A post up yesterday at Econbrowser (via Odd Numbers) makes use of a recession indicator index of the blogger James Hamilton's own formulation. The numbers crunched in his algorithm (which uses only public data and the methodology for which is explained using enough Greek characters that you know it's legit) yield an index that's been remarkably accurate in mirroring the NBER's retroactive designation of recessions over the last 40 years. The chief complaint about Hamilton's index seems to be that it's a significantly lagging indicator (i.e. by the time it recognizes a recession, the implications on policymaking, investing, etc., may be less useful since the event it's identifying will be months-old).
But in this case, where we've got a potentially troublesome revision to a quarter that's more than half a year old (and some folks are using that as the basis of an argument that a recession did indeed take hold months ago), Hamilton's indicator takes on new relevance.
If you were to scream "Recession!" only when Hamilton's index exceeds 80%, you wouldn't miss any since 1968, nor would you register any false positives. For the most recent quarter (in this case, 1Q08), it reads a measly 38.4%.
That's the highest reading since the mild recession that began at the end of the Clinton administration, but it's nowhere near typical recession territory.

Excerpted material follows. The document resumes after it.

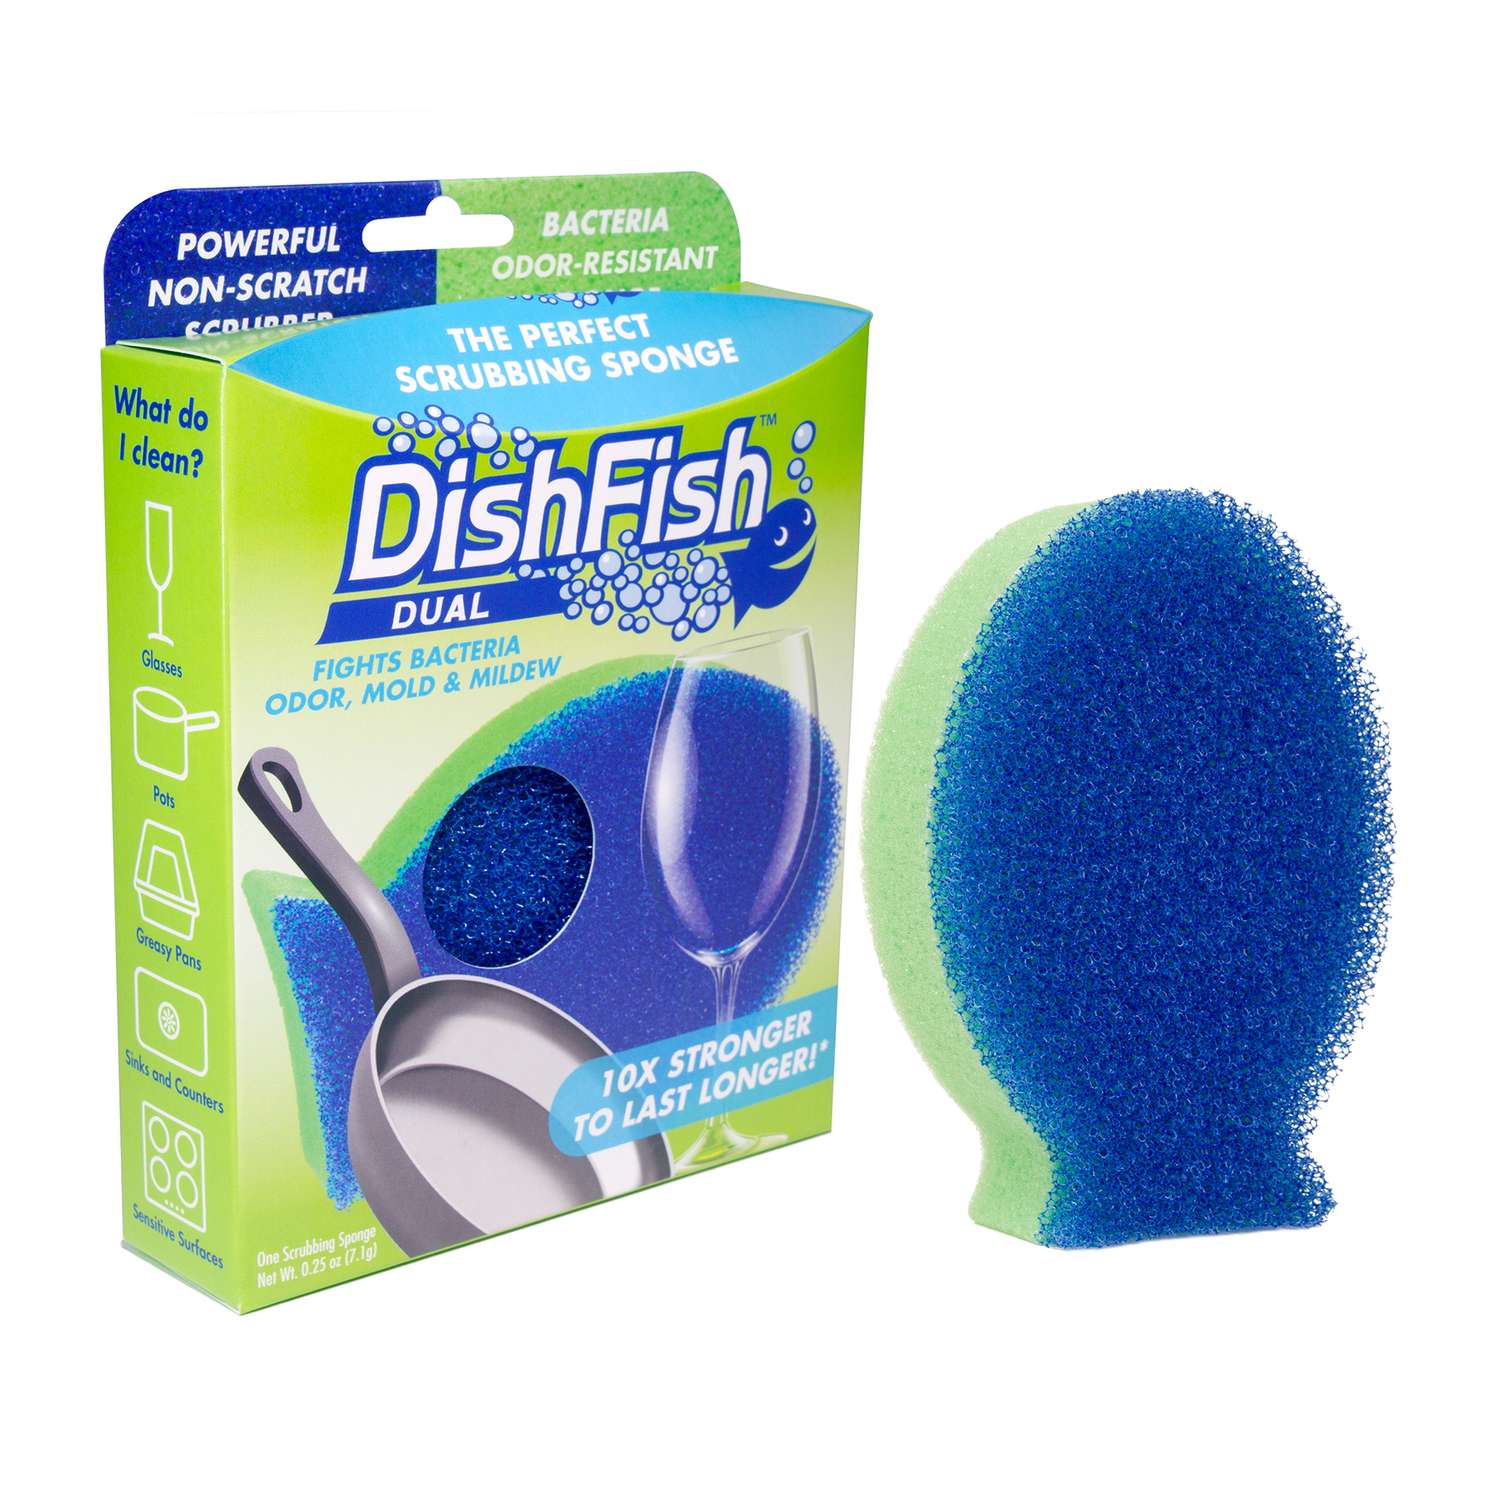 Dishwashing Wand Sponge- Kitchen Scrubber Sponge, 1 Brush with Handle and 2 Refill Replacement Heads, for Washing Bowl, Pot, and Sink

One has to notice that the indicator's peaks have been trending lower over the last few recessions, but so has the actual severity of American recessions. The astoundingly good correlation between the index and NBER-designated recessions strongly suggests that (while it's still possible for the U.S. to enter one during this business cycle) we weren't in one by the end of the first quarter. And with our brand new advance second quarter growth reading of 1.9% from the Commerce Department, it seems particularly unlikely that we entered a recession during the three month period to which Hamilton's index is blind.